山高万重,水流千尺,安静洒下的阳光,带来了我久违的故人。
我旅居此地已久,数年前到此,后又离开。回想以前,我尚是少年,今已暮年。我想在离开之前再见见我的老朋友,他们是我多年前在这里认识的人,这些年同我一样,都是闲云野鹤。走过很多地方,见过很多人,遇过很多事。想来,我们会有很多话可以说。
濬来了,带着绿绮。我们相约峨眉峰下,就着四起的雾气,听着潺潺的溪流与风声,他走来了。岁月在他身上留下痕迹,多年的旅途使他步伐不因年岁而拖沓。头上的戒痂,手拿着绿绮,已经褪去颜色的褐色僧袍,让他的身份一目了然。他胸前的佛珠十分光亮,看得出,有无数个日日夜夜,他手拿佛珠,低声诵经。

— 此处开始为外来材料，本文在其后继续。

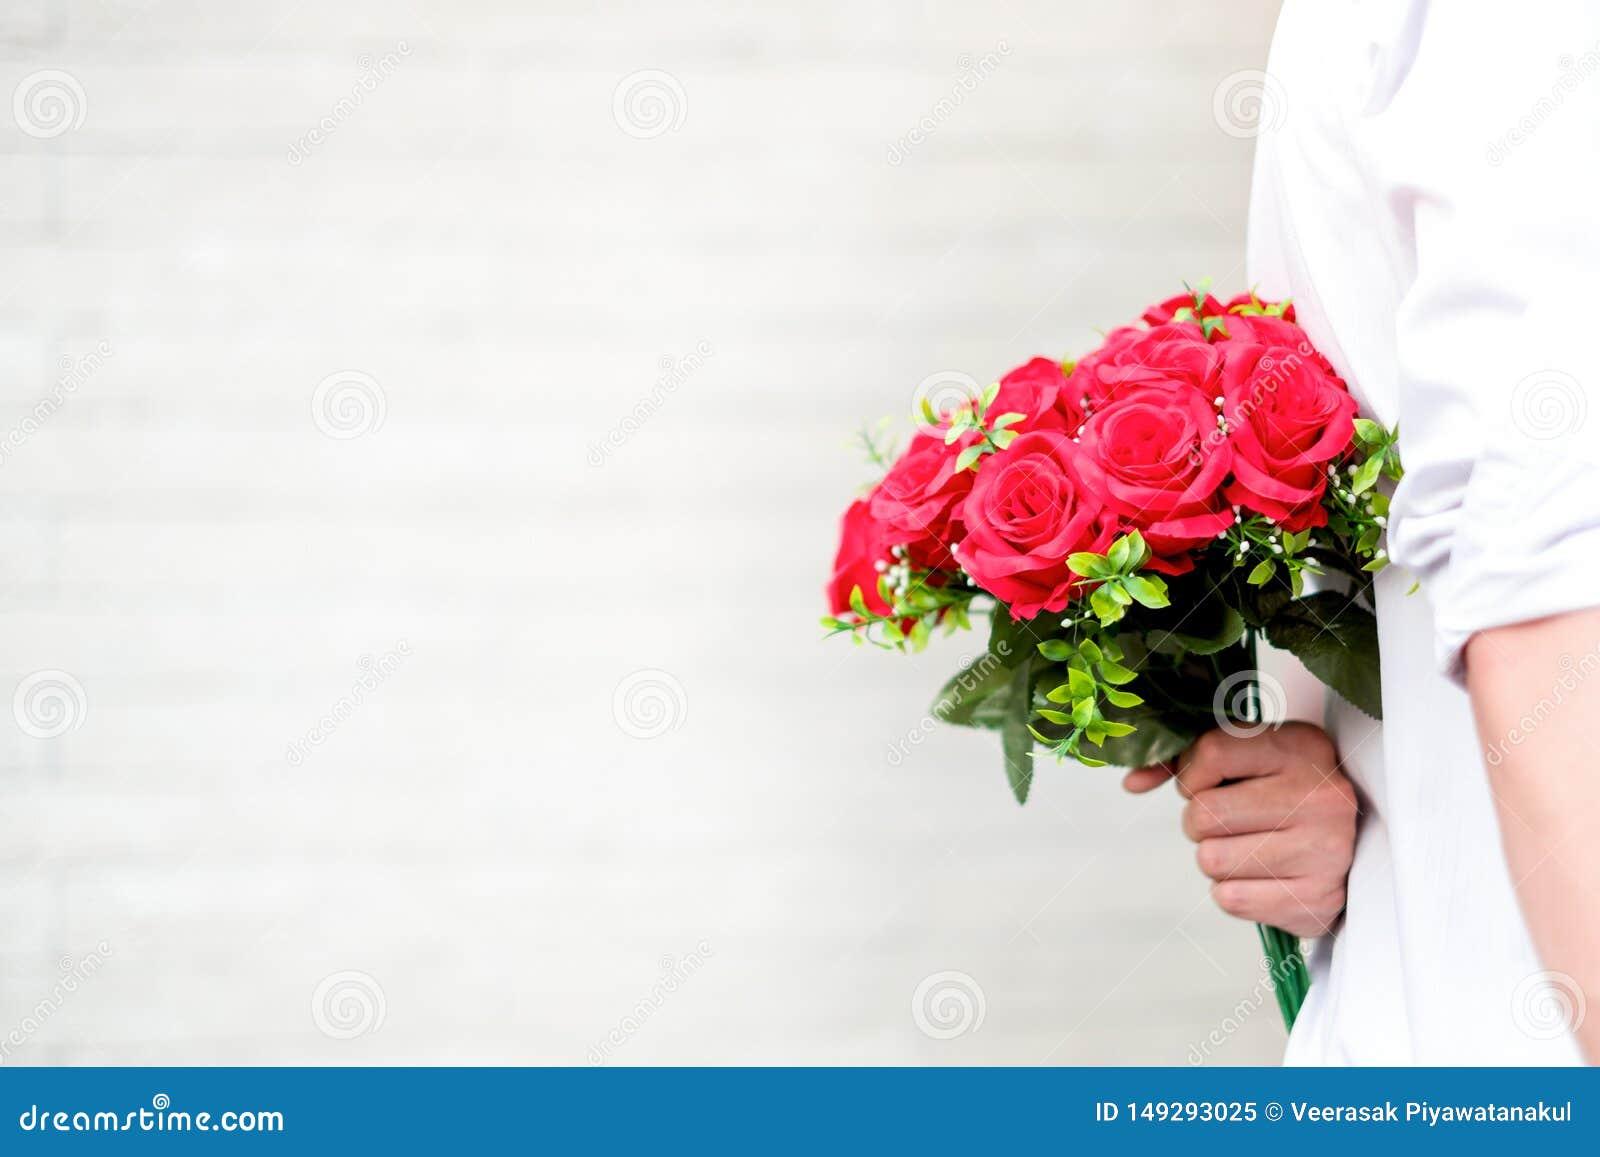 Ευτυχές νέο ζεύγος ερωτευμένο αγκάλιασμα και κόκκινα τριαντάφυλλα κρατήματος στα χέρια για την έκπληξη της φίλης του, έννοια ζευγ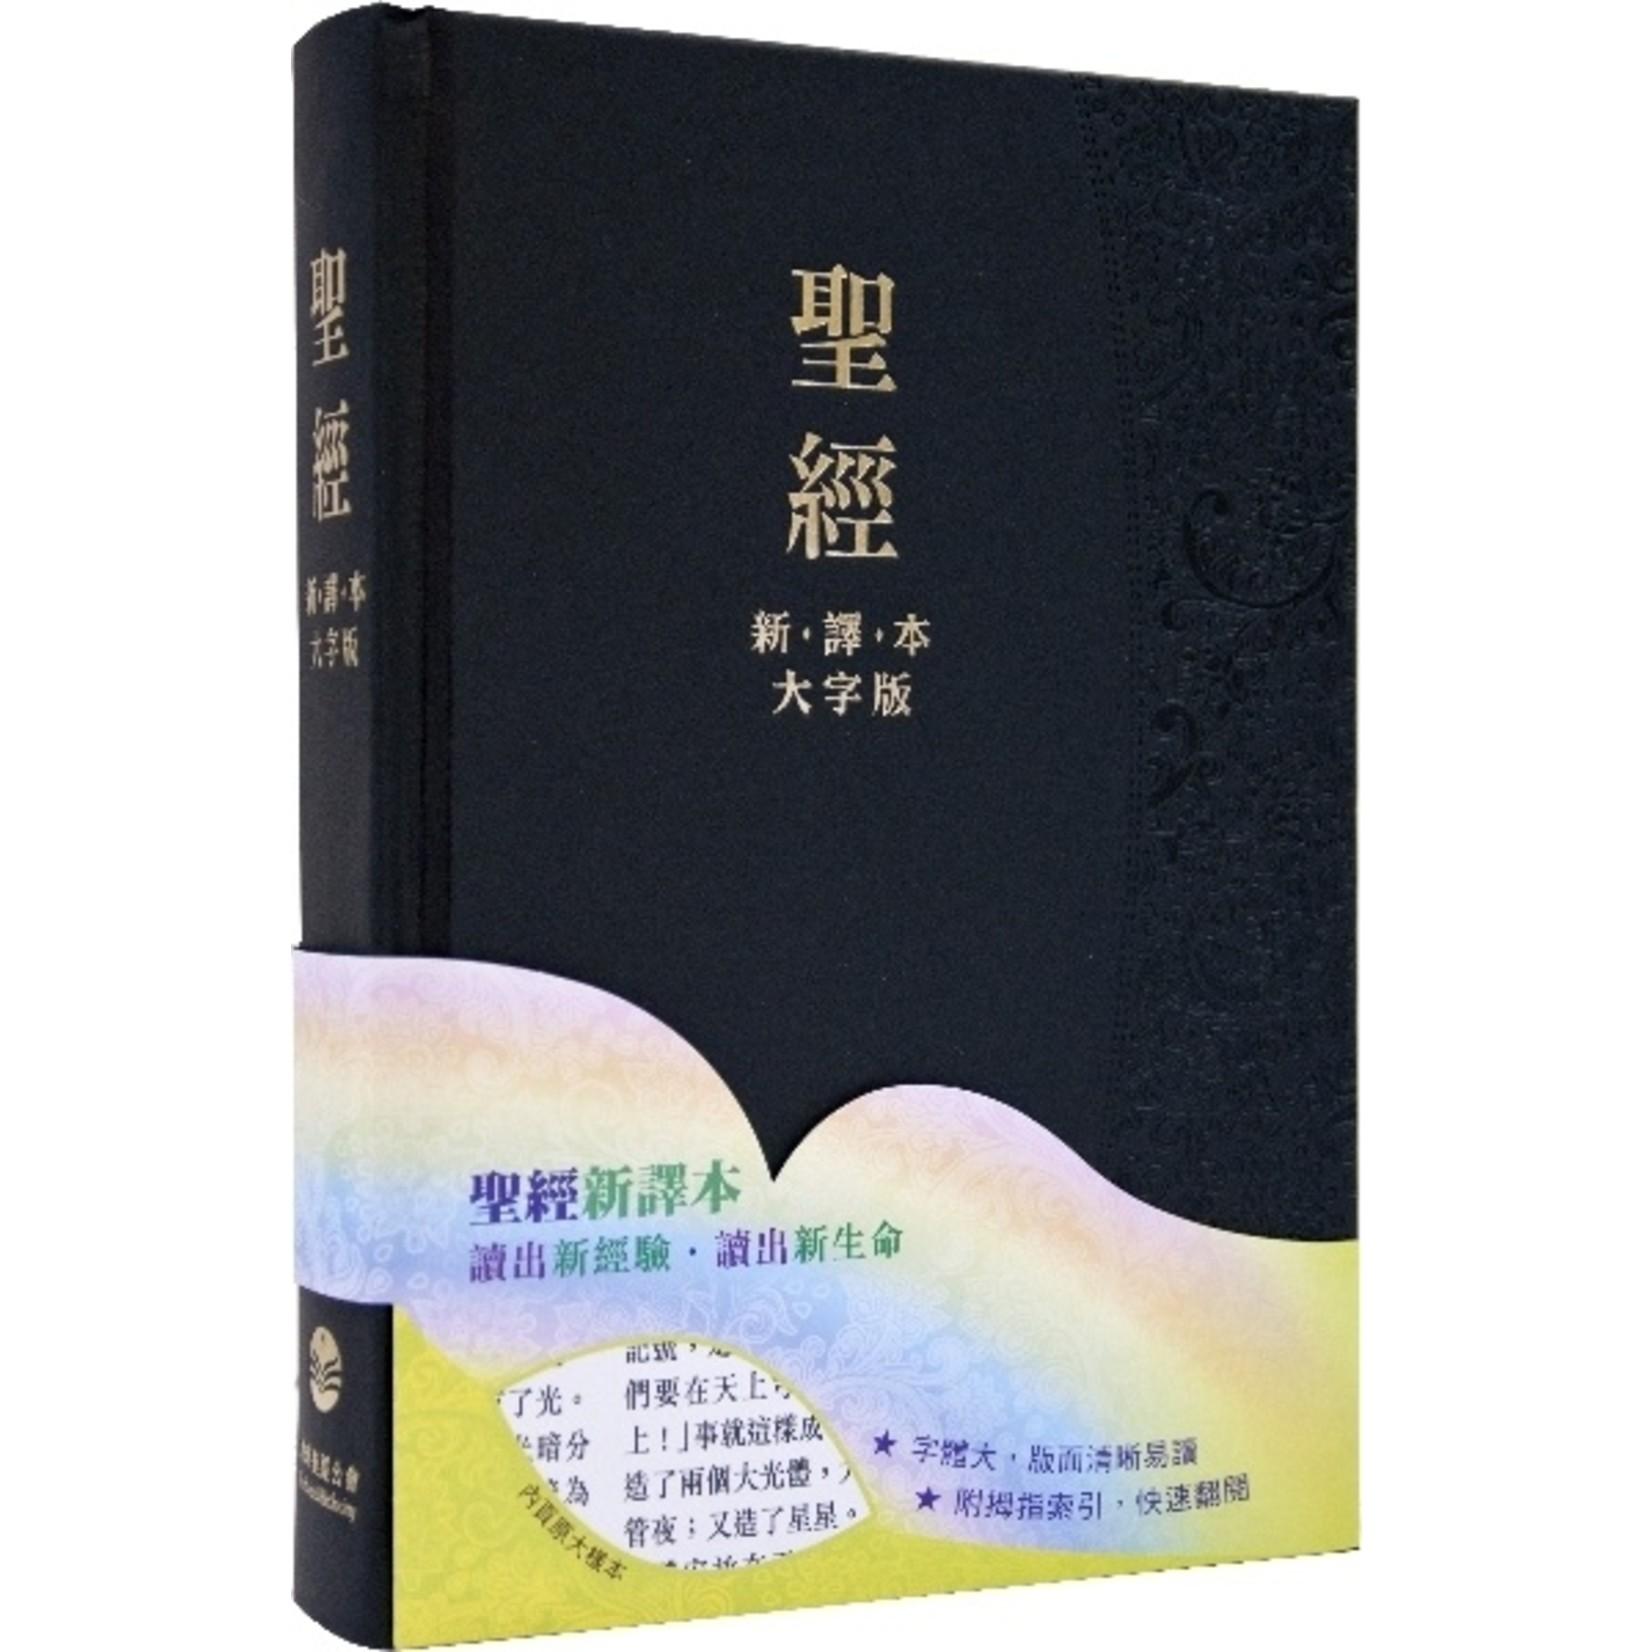 環球聖經公會 The Worldwide Bible Society 大字版 ‧新譯本 繁體加大裝神字版 黑色精裝燙金白邊連姆指索引 Large Size, Trad., CNV Large Print, (Thumb Index), Black Hardback Cover, White Edge

相顾无言,说的就是我两吧。多年的沧桑,让我们变得沉默,纵使有万般苦难,也无从倾诉。只是默默看着远方,一切都看起来云淡风轻。山间风很轻,鸟儿叽叽喳喳,他说,我为你弹奏一曲可好。缓缓的琴音,像从至高的山顶上流淌下来的一样,澄澈清新。忽而,琴音由松变紧,恍惚间,犹如万棵松倒,排山倒海而来。我的心随着琴音,忽而紧张,忽而放松。一曲终,我久久不能静。
与长久居住于此的人相较,他和我都是此地的客人,我们身不由己,总是在他乡漂泊。但在此时此刻,他好像这里的主人一般,也许是跋山涉水,各地的山水都认了他做友,或许是他终日与山水相伴,天地之间,皆可为家。我的一颗客心啊,随着他的琴音像流水般漂泊。他的琴跟着他走了许久,也默默记下了他眼里的事,此曲,以音述事,那些受过的苦难,又清晰的展现在我的面前。声音的尾巴重重的打在上了霜的钟上,也重重的打在了我的心上。我多么想它没有叫醒我啊,但是,它让我如此清醒啊!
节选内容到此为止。